Adia Victoria is reclaiming her Southerness by reclaiming the blues. The blues she’s accessing aren't the “he done me wrong” blues; they're sinister and wicked, something deeply Southern and born out of trauma. She is currently touring for her second album, Silences, which is a haunting, lyrical exploration of survival, with a stop in New Orleans on Monday, May 6 at Gasa Gasa.

Victoria was raised in a deeply conservative, religious household in South Carolina where the markers of racial inequality were constantly present. Before turning to music, Victoria saw herself as having “one foot in the grave,” and showed little concern for her physical well-being. She would drive around in borrowed cars without a license. She did things that were physically dangerous to counteract the numbness she felt growing up estranged from the world around her in the South.

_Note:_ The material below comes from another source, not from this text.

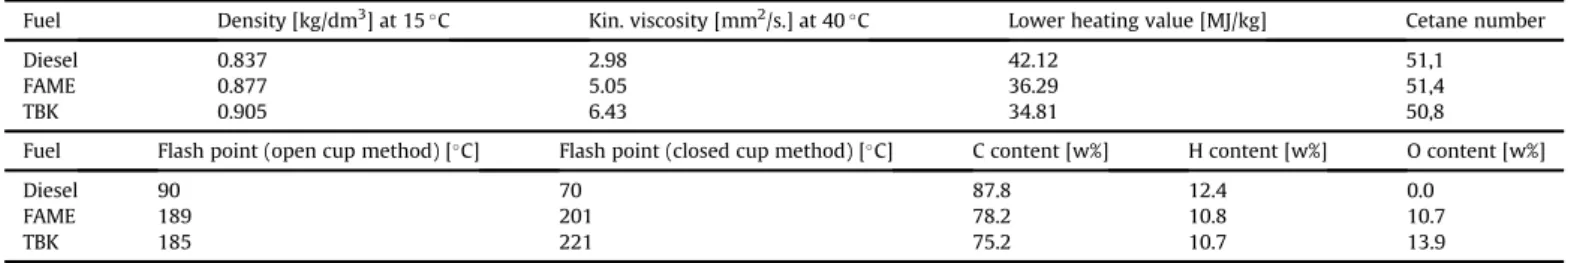 Table 1 summarizes the most important physicochemical properties of the tested fuels. Measurements have been carried out according to the related standards
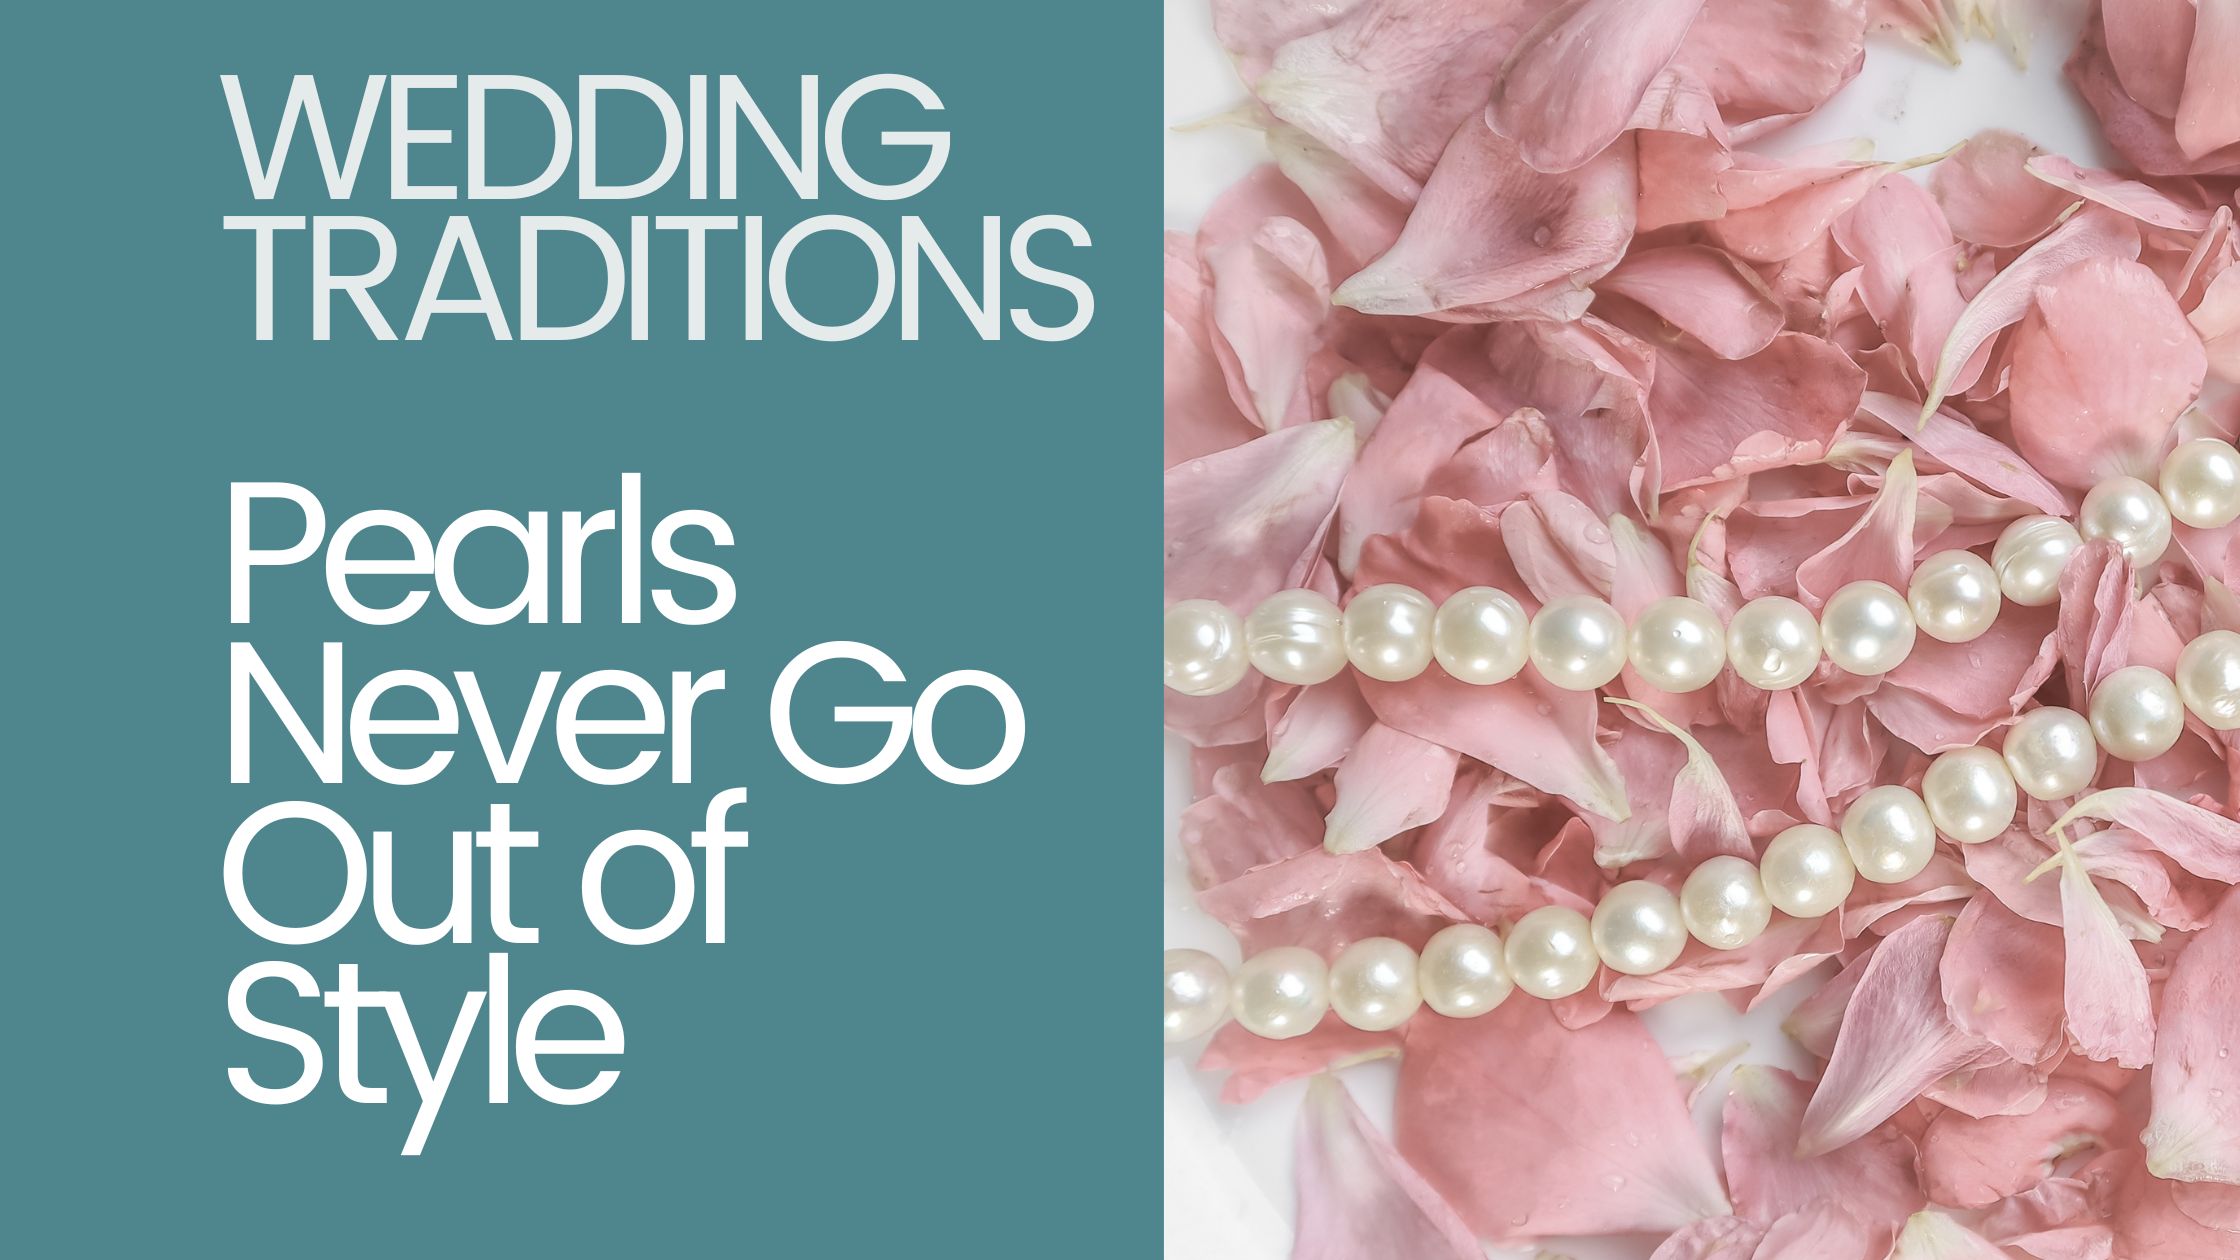 Wedding Traditions: Pearls Never Go Out of Style

Victoria heard the blues as resistance and when she taught herself to play MGMT’s “Pieces of What,” she realized she was capable in ways she had never felt while growing up. As a black woman who was constantly told that she felt too much, she claims the South is a place that “shredded her.” The blues gave her an outlet and brought her back. She believes the blues is a “whole field of study… a way of perceiving the world” that was born out of racial trauma. It’s rooted in survival and in accessing a danger that doesn't physically threaten her.

Her music is ripe with dark, religious imagery. “Devil Is a Lie” and “Heathen” both depict straying from God and ‘goodness,’ a prominent theme throughout Silences. Her version of the blues is haunting and theatrical. Her voice transforms into something wicked and smooth, and her lyrics are explicit in discussing generational, racial trauma. There’s a dedication to the South and to the darkness and pain that the South bred in her, and she’s working to take ownership of.

“I was able to find a sense of power and belonging in the blues that allows me to reclaim my southern heritage,” she says. “So much of my blood is survivor’s blood. I am forever indebted to my ancestors who found a way to survive no matter what.”

Instead of turning away from the experience of growing up as a black woman in the religious South, she’s turned toward it intentionally to write herself into the narrative of a place that’s tried to erase who she is, a black woman who is brimming with feeling. Her music is a testament to survival for her and her ancestors who lived and died there, and those who will come after her.

“My blood is in this soil, it’s where I belong, and that’s been very healing for me.”